Less and less have I run into the American-hater: “America is an imperialist country! America bullies China!” More often I run into the China-basher: “China is backwards. Our people are uncivilized. Our government is corrupt.” Of course being a card-carrying paranoiac, I never readily agree. He could be a government spy trying to get me to reveal my status as a US mole. Rather, I begin a lecture on history, that time is required for education to penetrate into the countryside, into the mass of people, so that they don’t expectorate mucus on your shoes (hawk up a loogie) or hurl trash from the window of speeding vehicles, with wanton abandon, onto your bare head. If the people are uncivilized, it’s mostly because they haven’t been taught differently and have been living in a system susceptible to corruption and chaos. Hard to be like the Dalai Lama when you have to elbow your way through hundreds of your brother and sister comrades in order to secure a rail ticket to visit your sick, elderly parents during Spring Festival.

The drivers shrug indicating, “maybe,” and some even wrinkle their noses in disdain and disagreement.

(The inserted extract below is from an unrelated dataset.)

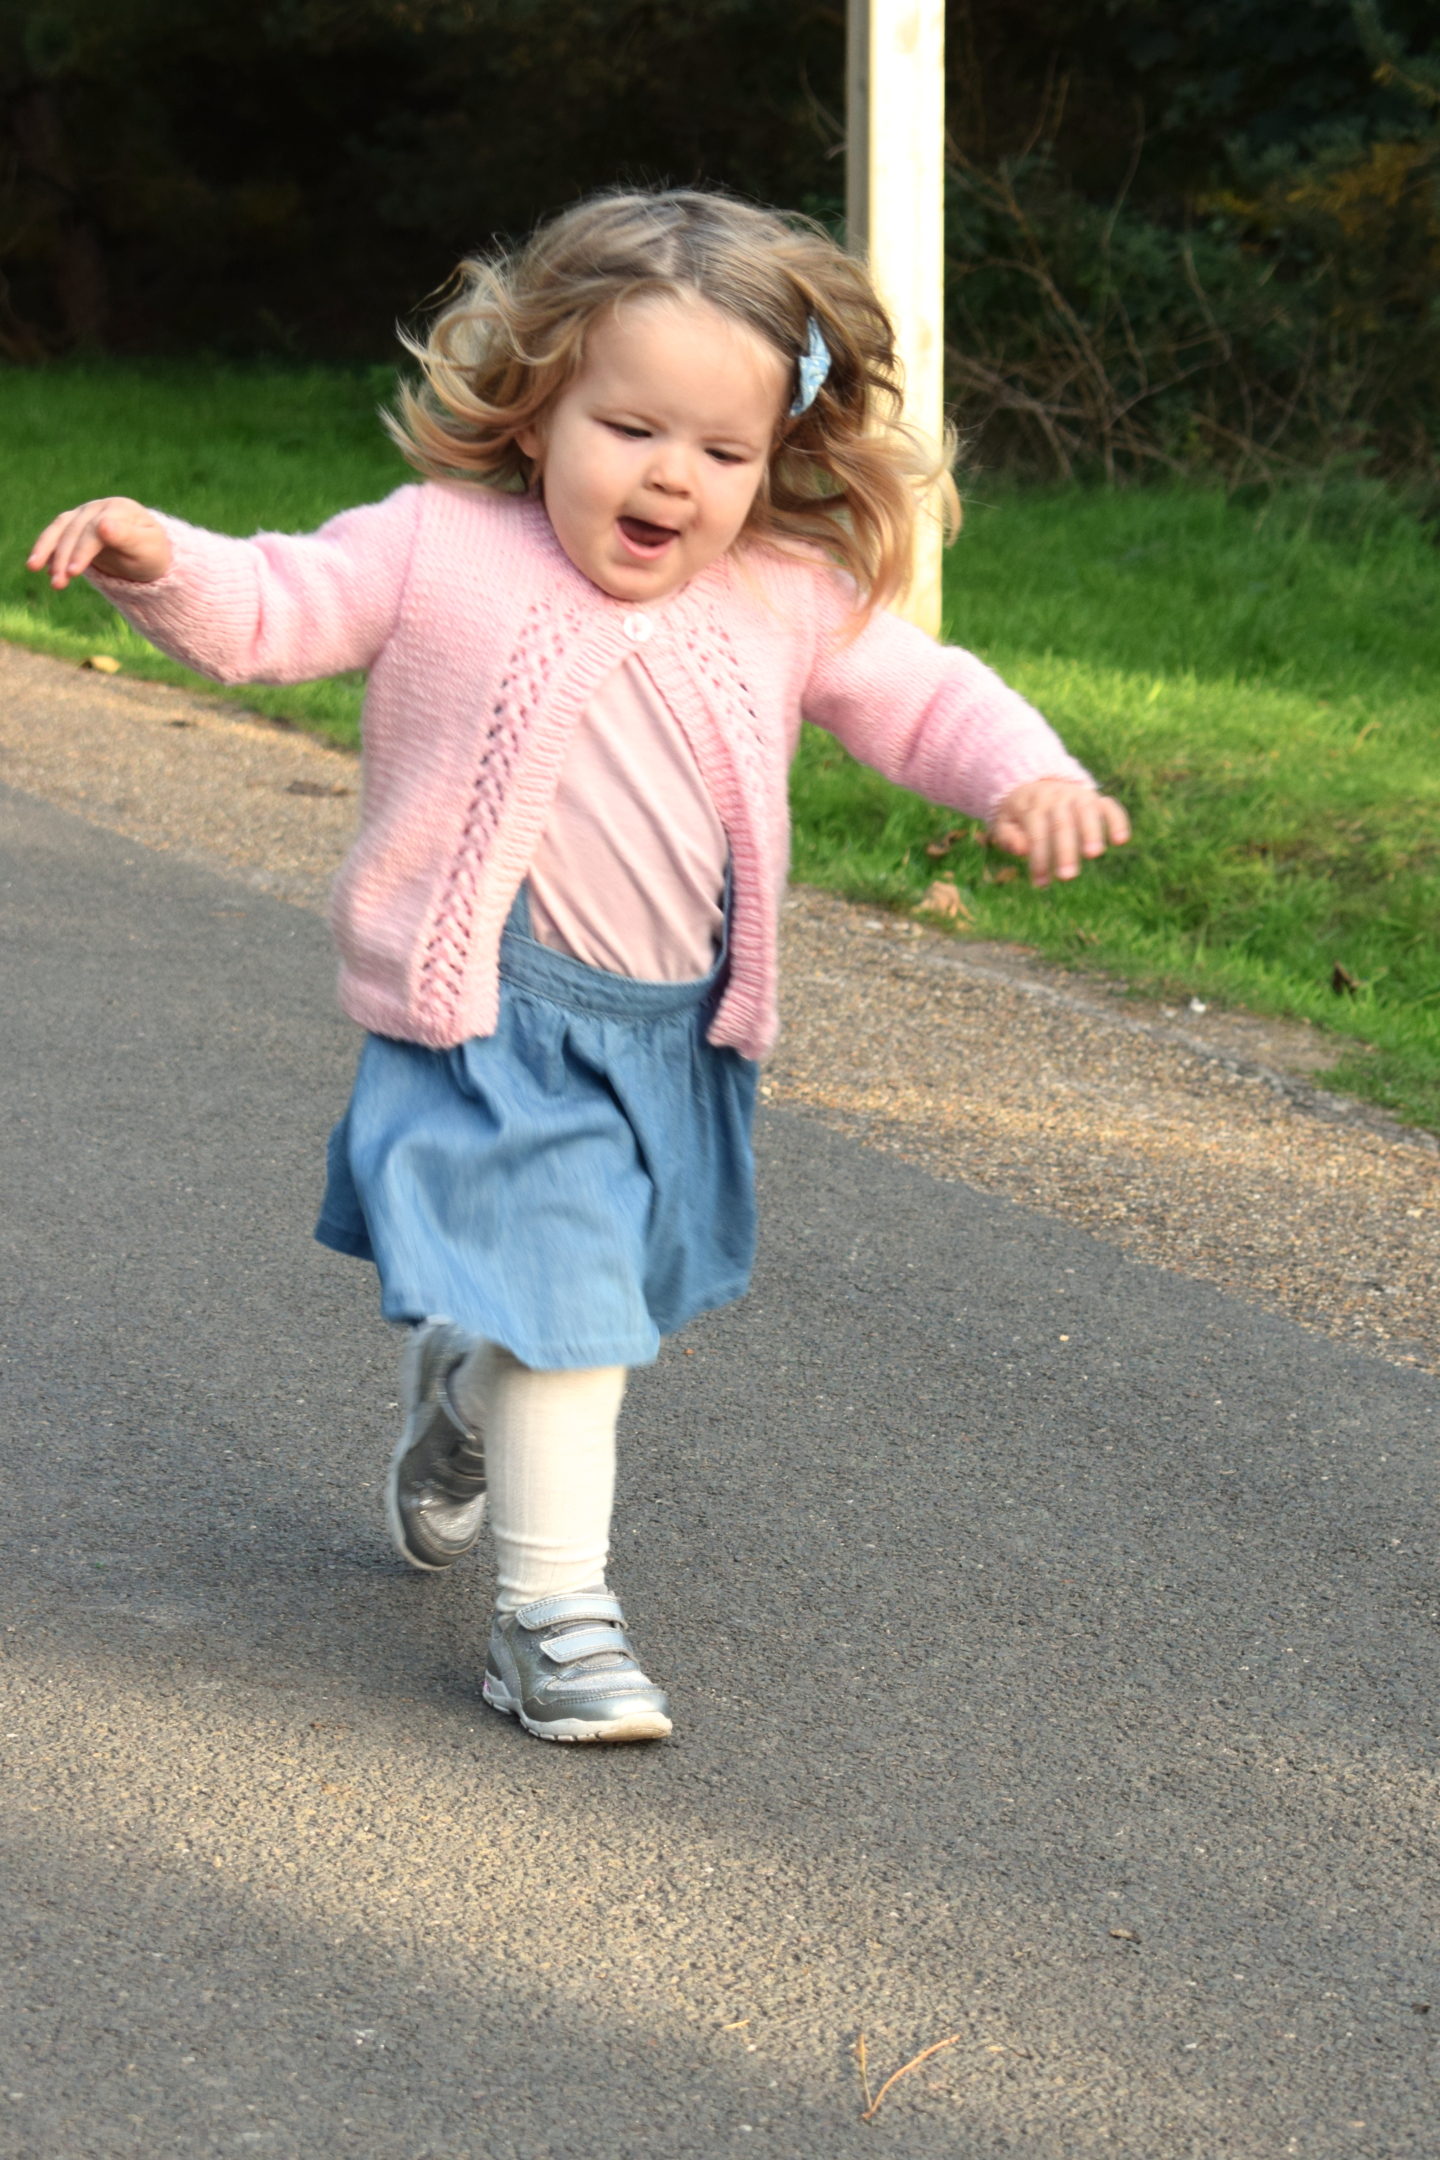 two and a half year old girl running down a path with arms outstretched, smiling, in pink cardigan and blue dress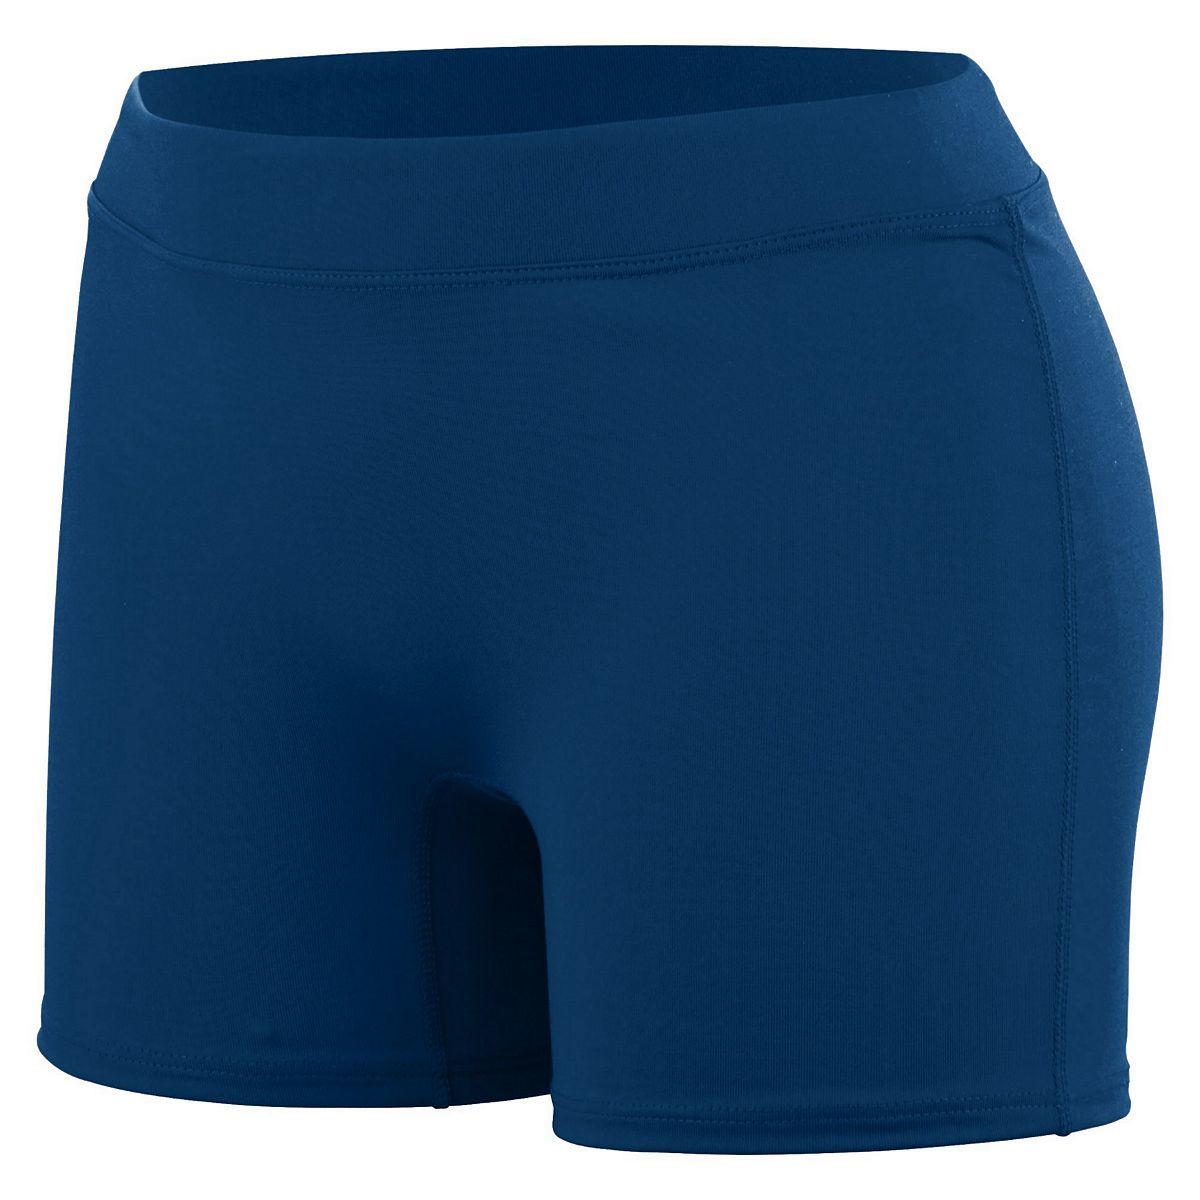 Ladies Knock Out Shorts - 345582

It’s amazing how many drivers open up to me and speak ill of their compatriots. They themselves are not erudite paragons of the educational system either. The government is feckless or worse, guilty of malfeasance. The laobaixing, the masses, are stupid and brutish. And the Elite, why, they just don’t care. When touching upon the elite, a proud light shines in their eyes. The Chinese grab onto stories of wealthy entrepreneurs and nouveau riche like a drowning man onto a lifeboat. They mythologize the newly affluent. They must have superhuman powers to have skyrocketed from the morass of crushing indigence and ignorance into the gleaming city of Asgardian opulence. They deserve their riches (while we must not). There’s not a lot of time to parse arguments on a fifteen-, twenty-minute cab ride, so I just shrug too and say “maybe,” but my nose more often than not wrinkles in disagreement.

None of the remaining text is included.